Upon the hearing of the motion to open said default, the court made and entered the following order: “The court having examined the files and proceedings thereupon, and the affidavit of Leopold McKean Kirk, offered in support of said application, *162and the plaintiff on said hearing having objected to the consideration of that part of the affidavit of Leopold McKean Kirk which related to statements made or transactions had by defendant with the said John Smith Kirk during his lifetime, and said objections being sustained, and the court refusing to consider the part of said affidavit so objected to, but being of the opinion that the defendant should be allowed to answer, because no notice was given to him of the application for the revival of said action, or the revival thereof by the substitution of the present plaintifff in the place of John Smith Kirk: Now, therefore, on motion of Bailey & Voorhees, attorneys for defendant, it is hereby ordered that said judgment be and the same hereby is opened, and the defendant is hereby permitted to serve and file his answer to the complaint herein, and that said action may proceed to trial and determination in all respects as though said default had not been entered.”
To the making of the foregoing order, so far as the same grants the defendant a new trial and allows him to answer 'herein, the plaintiff duly excepted, and the exception was allowed. From the order opening said default and allowing defendant to answer, plaintiff has appealed, assigning as error the making and entering of said order.

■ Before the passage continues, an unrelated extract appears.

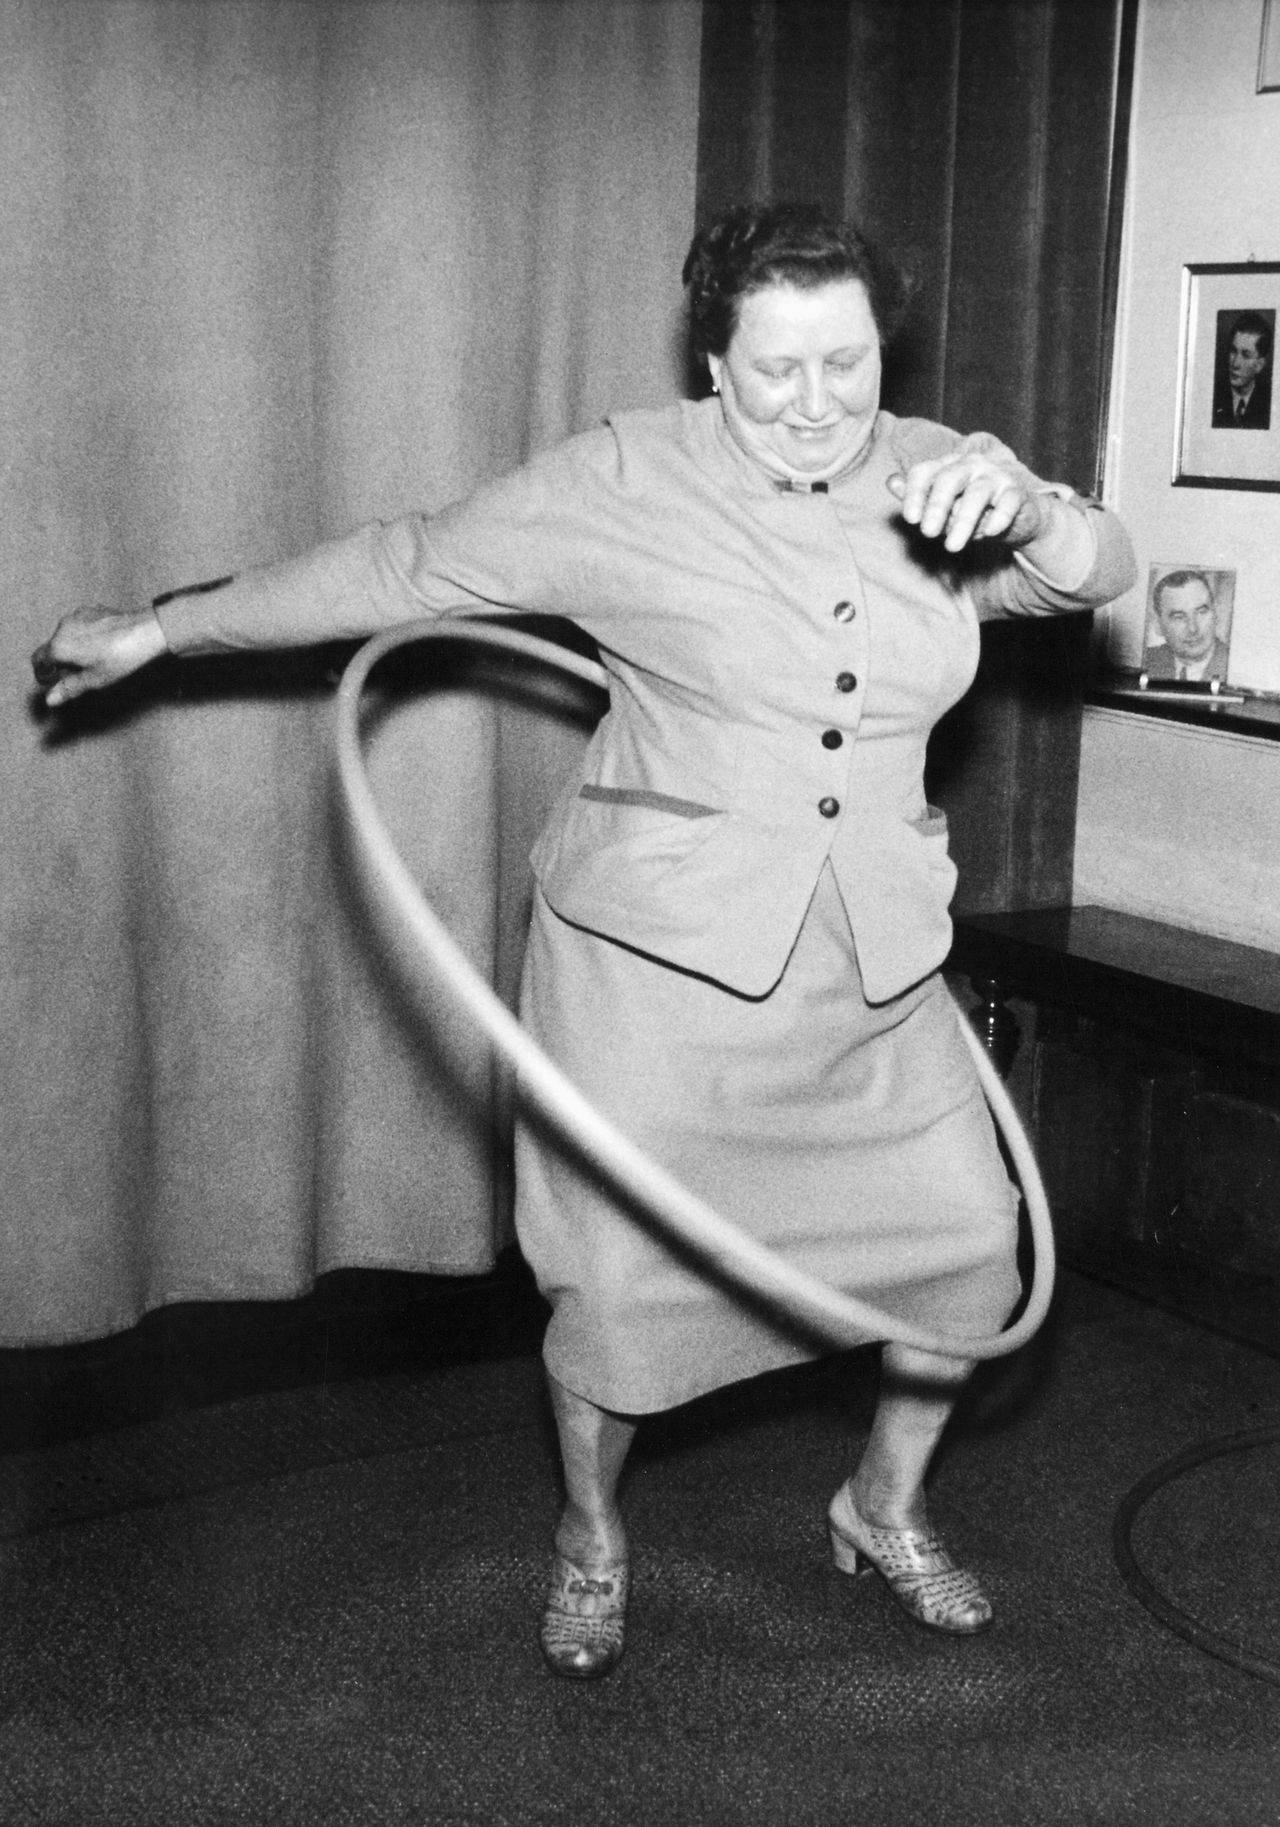 A European woman tries out a toy hoop, circa 1958.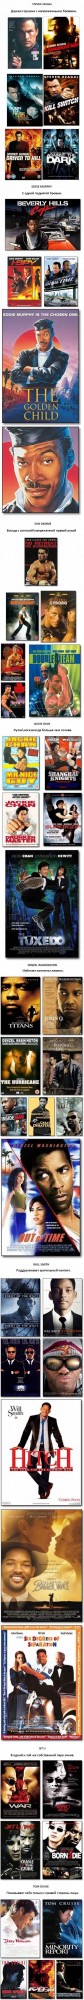 Четыре типа постеров к голливудским фильмам

[1-3] The court having properly sustained the objection to and refused to consider that portion of the alleged settlement and dropping of said action by said John Smith Kirk, and the defendant not having appealed from said ruling of the court, left only the fact that respondent had no notice of the application to revive and continue the action as a ground for opening the default. We are of the opinion that this was no reason or ground whatever for the opening of the default judgment. If notice of the application to revive and continue the action in the name of plaintiff was necessary at all, it might have furnished a ground for vacating the order of revival and continuance, but respondent not having objected to the ruling of the court in granting the application to revive and continue, but, on the contrary, having acquiesced therein and accepted and treated such order as valid, it thereupon *163becomes immaterial whether respondent had any notice of such application or not. Hence there was no ground or reason whatever before the court upon which the default judgment in question was authorized to be opened.
[4, 5] Again, even if no objection had been made and sustained to any part of respondent’s affidavit, his proposed answer consists of a general denial only. A general denial would only raise an issue as to the truth of the allegations constituting plaintiff’s cause of action. Inferentially, at least, respondent, by his affidavit, admits plaintiff’s cause of action, but claims he made a settlement with his father; but what the facts and circumstances of the settlement really were he does not state. He makes no claim of payment, but says he made a settlement, whereby his father agreed to drop the action. We do not apprehend that the facts and circumstances of such an agreement or settlement could be given in evidence under a general denial.
The order opening said default judgment and permitting respondent, as defendant below, to answer to the merits of the action is reversed.